Question

The rate of a first order reaction is $1.5\times {{10}^{-2}}mol{{L}^{-1}}{{\min }^{-1}}$ at 0.5 M concentration of the reactant. The half-life of the reaction is:
A. 0.383 min
B. 23.1 min
C. 8.73 min
D. 7.53 min

Answer 1

Order of reaction defines the relationship between the rate of a chemical reaction and the concentration of the species which takes part in that chemical reaction. In order to obtain the order of reaction we first have to know about rate expression.

Complete answer:
The order of reaction can also be defined as the power dependence of rate of the concentration of all reactants. In case of first order of reaction it depends upon the concentration of one species in the reaction. This defines that rate of first order reaction will be:
$Rate=K[R]$
Rate $1.5\times {{10}^{-2}}mol{{L}^{-1}}{{\min }^{-1}}$given at 0.5M concentration
$1.5\times {{10}^{-2}}mol{{L}^{-1}}{{\min }^{-1}}$= K (0.5)
K = $3\times {{10}^{-2}}\ \text{mi}{{\text{n}}^{\text{-1}}}$
Half-life is defined as the amount of time taken for half of a particular sample for react and it can also be explained on the basis on the time which it requires to reduce its initial value to half.
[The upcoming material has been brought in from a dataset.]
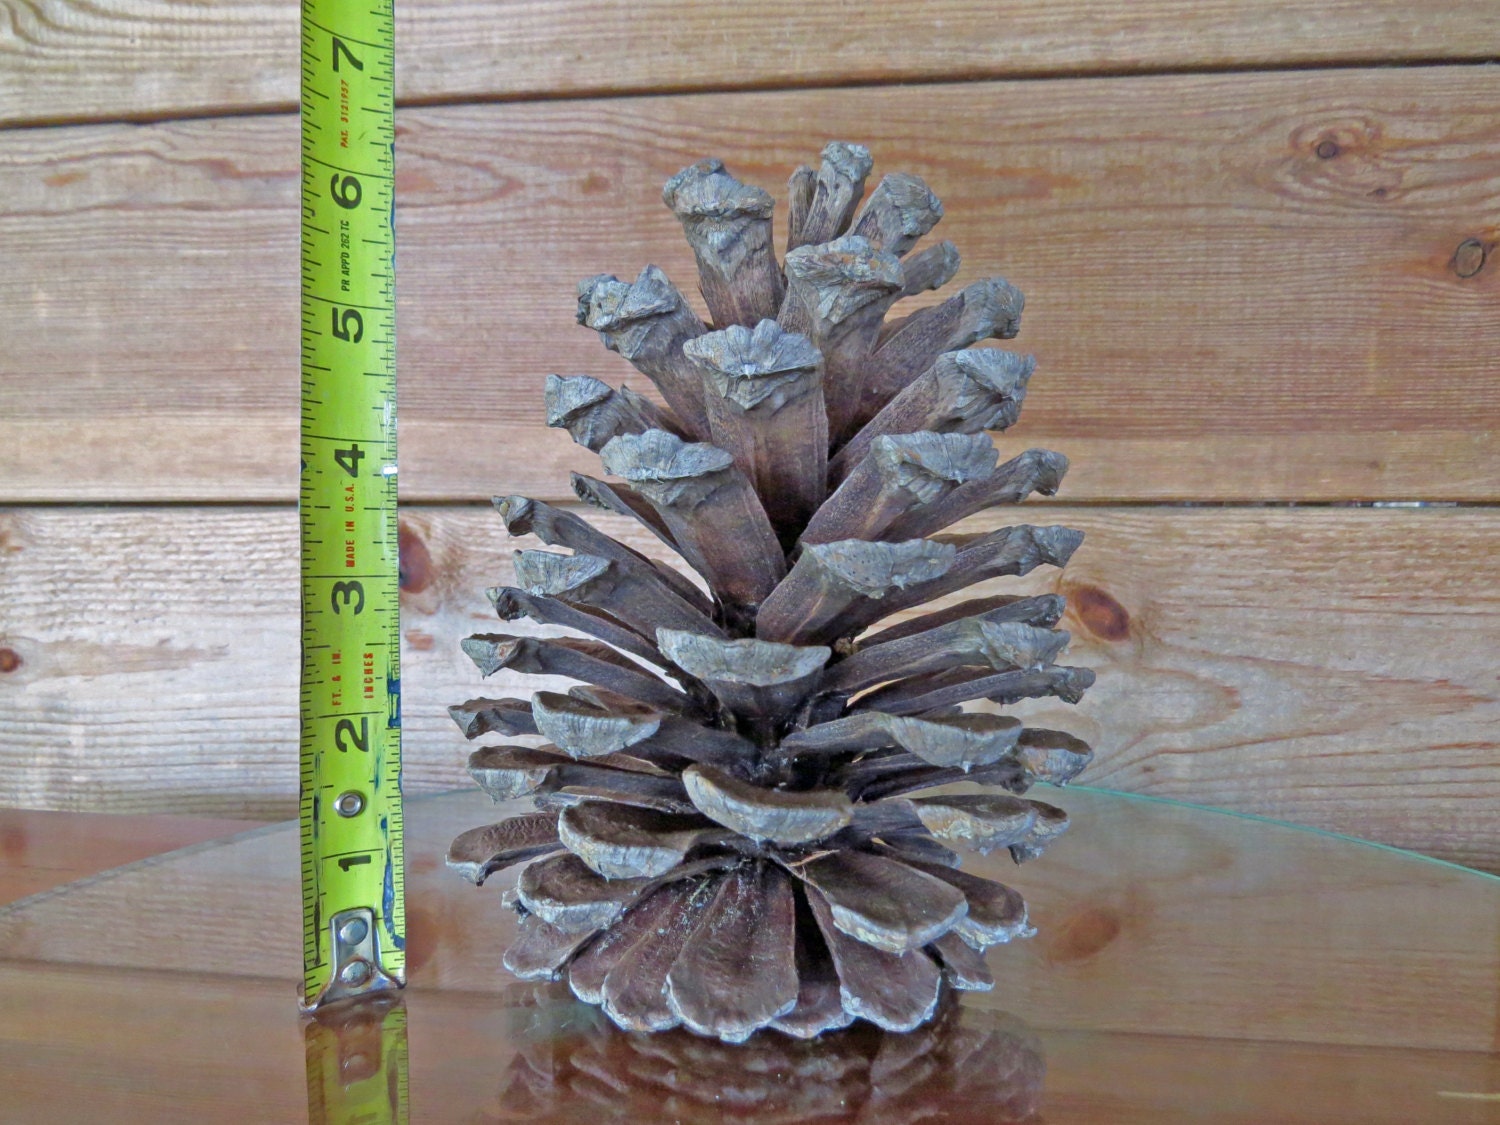 huge pinecones
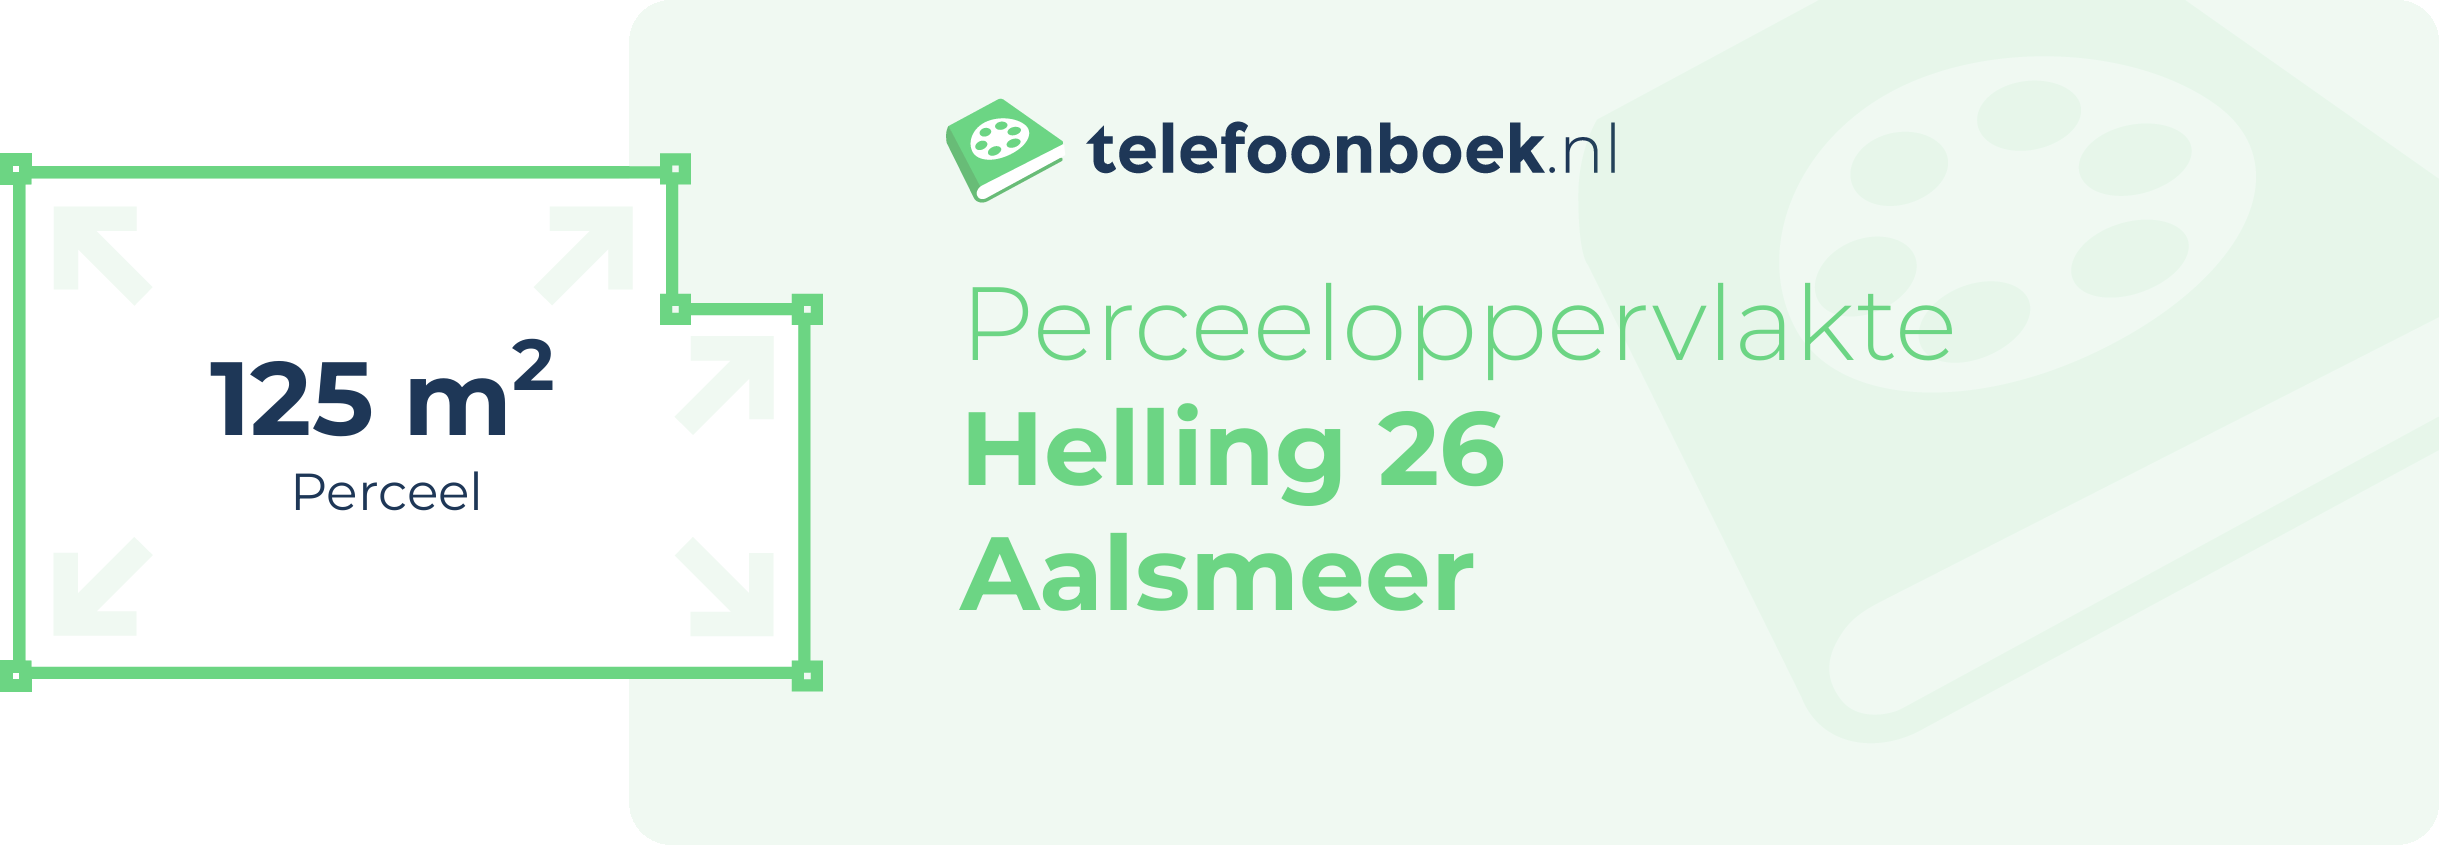 Perceeloppervlakte Helling 26 Aalsmeer

The equation of half-life is given by:
${{t}_{1/2}}=\dfrac{0.693}{K}$
Value of K is $3\times {{10}^{-2}}\ \text{mi}{{\text{n}}^{\text{-1}}}$, put this value in the equation of half-life time
${{t}_{1/2}}=\dfrac{0.693}{0.03}=23.1$ Minutes
Therefore we can conclude that half-life time will be 23.1 minutes.

So option B is the correct answer.

Note:
Half-life time is generally used in nuclear physics to describe what time period an unstable atom undergoes through the process of radioactive decay and we can also calculate how long an atom survives to be stable.